As a court system, our first order of business must be to reduce court congestion and delay, which in themselves can constitute a denial of justice for litigants seeking redress for personal injuries; parties in matrimonial actions attempting to move forward with their lives; families and children needing protection and stability; and businesses, large and small, for whom litigation is a major cost of doing business. On the criminal side, court delay harms defendants, presumed innocent under the law, who often languish in jail while their families and communities suffer; prosecutors who watch cases grow stale as witnesses move away and memories fade; and crime victims whose suffering is amplified while waiting for justice to be done.

Beyond the individual harm is the broader loss of public confidence and respect for our courts, which weakens us institutionally and makes us easy targets for those who would undermine judicial independence and the rule of law for their own political or personal gain.

These were among the primary concerns that led me to announce the “Excellence Initiative” upon my investiture as Chief Judge in February 2016. While the objectives of the Excellence Initiative are to achieve and maintain operational and decisional excellence in our trial and appellate courts, the initial focus has been on eliminating case delays and backlogs and keeping our courts affordable and accessible for all New Yorkers.

Next month, I will deliver the third annual State of Our Judiciary Address and report publicly on the encouraging—in some places dramatic—progress we have made to speed the justice process and make our courts more efficient. As important, we will announce additional measures to build on this progress and upgrade the quality of our justice services across our entire court system, from our commitment to early mediation as a means of narrowing issues and promoting less costly dispositions in civil and family matters, to our work with the City of New York to implement legislation providing lawyers to tenants facing eviction in our Housing Courts.

The experiences and observations of Justice Jackson, Chief Judge Desmond and Judge Rakoff serve to confirm that our profession can never stand still when it comes to the administration of justice. History has shown how the approaches, practices and attitudes that served us well in the past are quickly outdated by the evolving needs of our clients and litigants. Each generation of judges and lawyers is challenged to examine our justice system with fresh eyes and devise updated solutions that respond to the modern needs and expectations of the people who depend on the Bar for justice, and who support our courts with their hard-earned tax dollars.

One of the most serious challenges facing the Bar and Bench today, so well elucidated by Judge Rakoff, is the same one that confronted Justice Jackson in 1933 and Chief Judge Desmond in 1961, and which has bedeviled humanity since biblical times: How can we make sure that every person gets their day in court?
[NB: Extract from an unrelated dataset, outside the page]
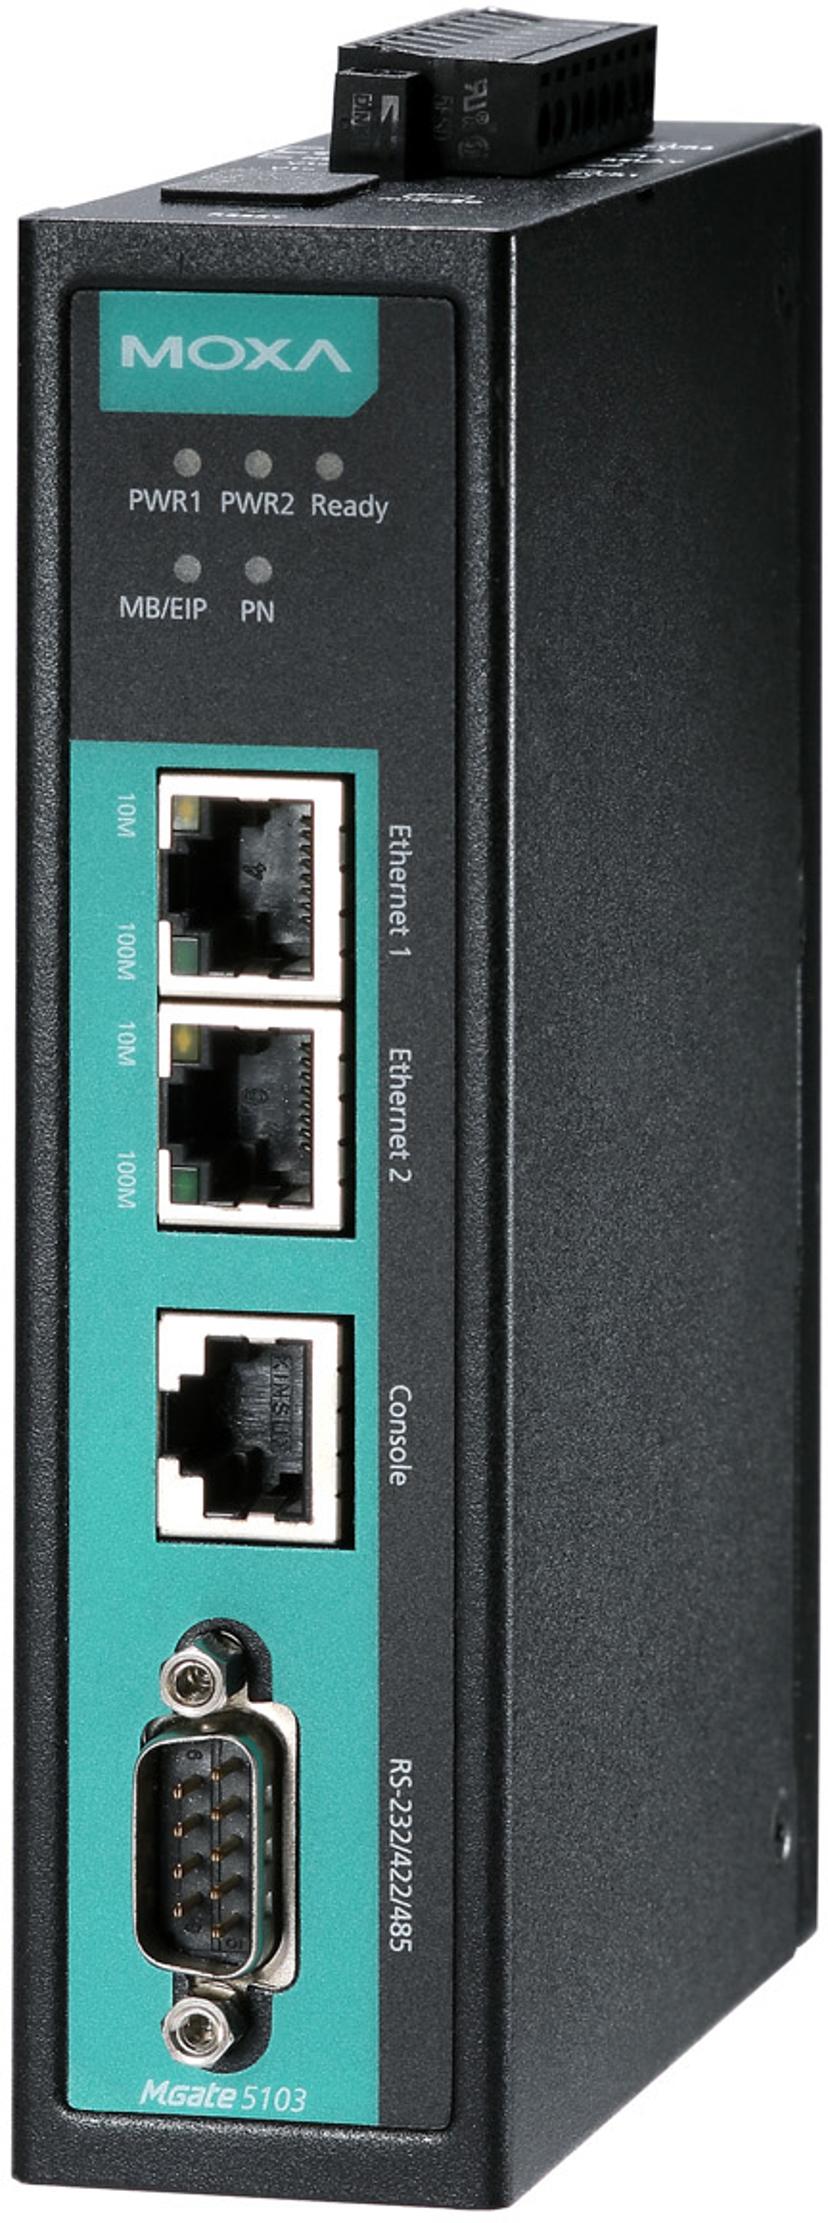 Moxa Mgate 5103 1-Port Modbus Profinet Gateway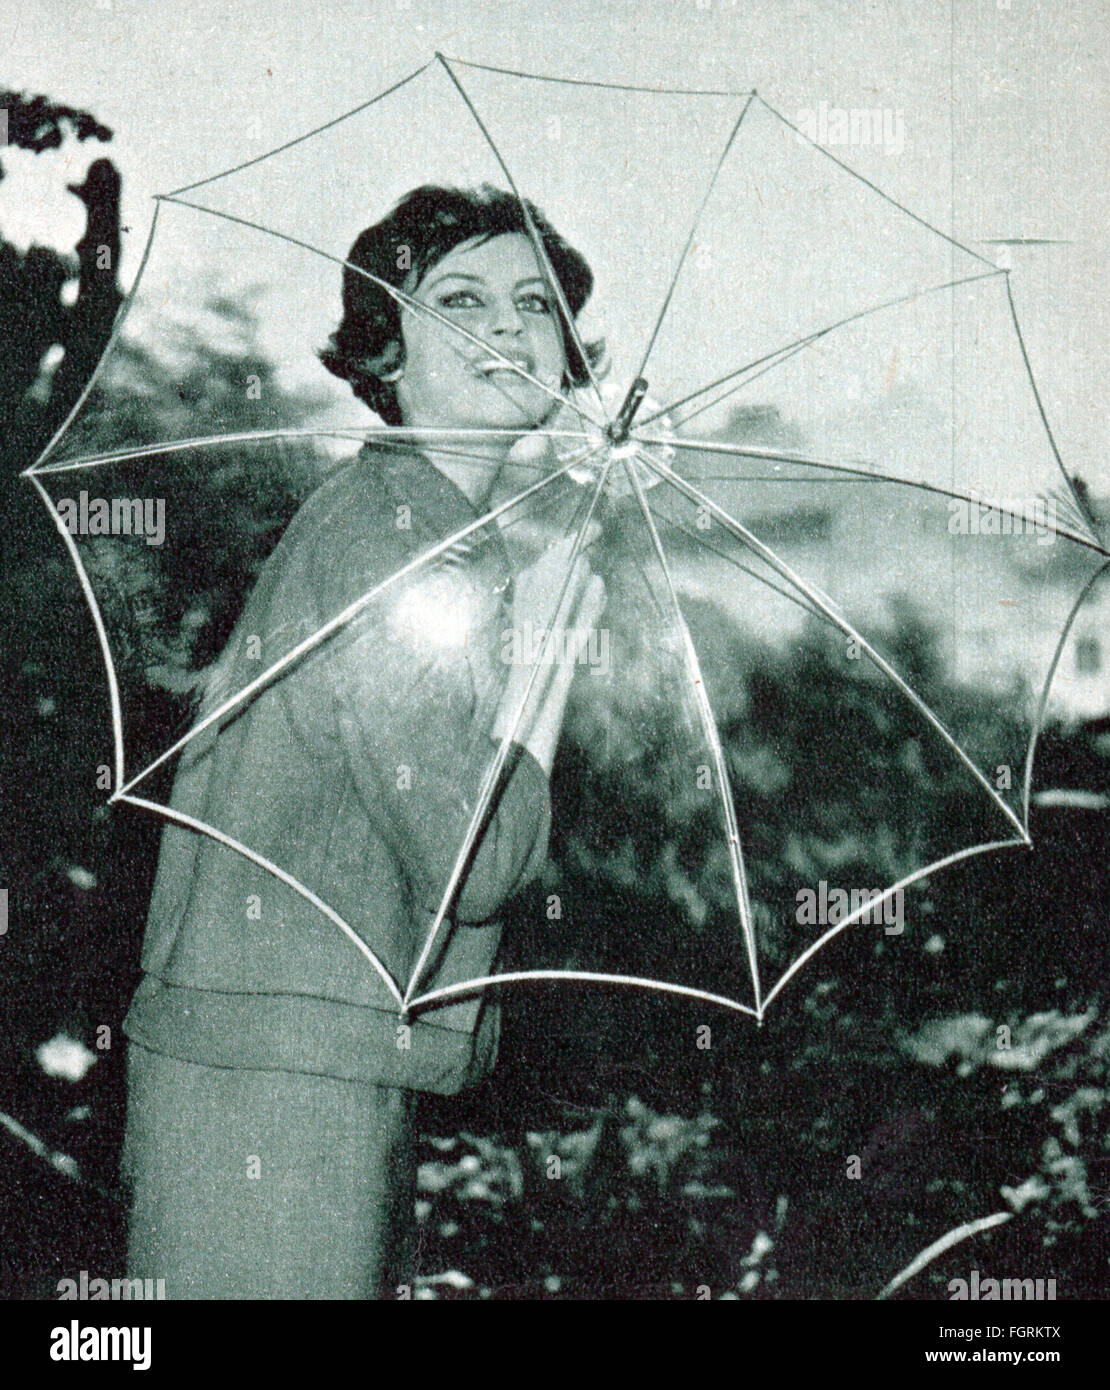 Mode, 50er Jahre, Schaufensterpuppe mit transparentem Regenschirm, 1959,  Additional-Rights-Clearences-not available Stockfotografie - Alamy

While that challenge remains as daunting today as it ever was, I see reason for optimism in the steadfast support and generous pro bono contributions of the organized Bar, and NYSBA in particular; the hard work and commitment of our judges and court staff; and the good will and cooperation of our partners in government and our many justice stakeholders. All of us, working together, have it in our power to keep our courthouse doors open and accessible for every person seeking his or her day in court.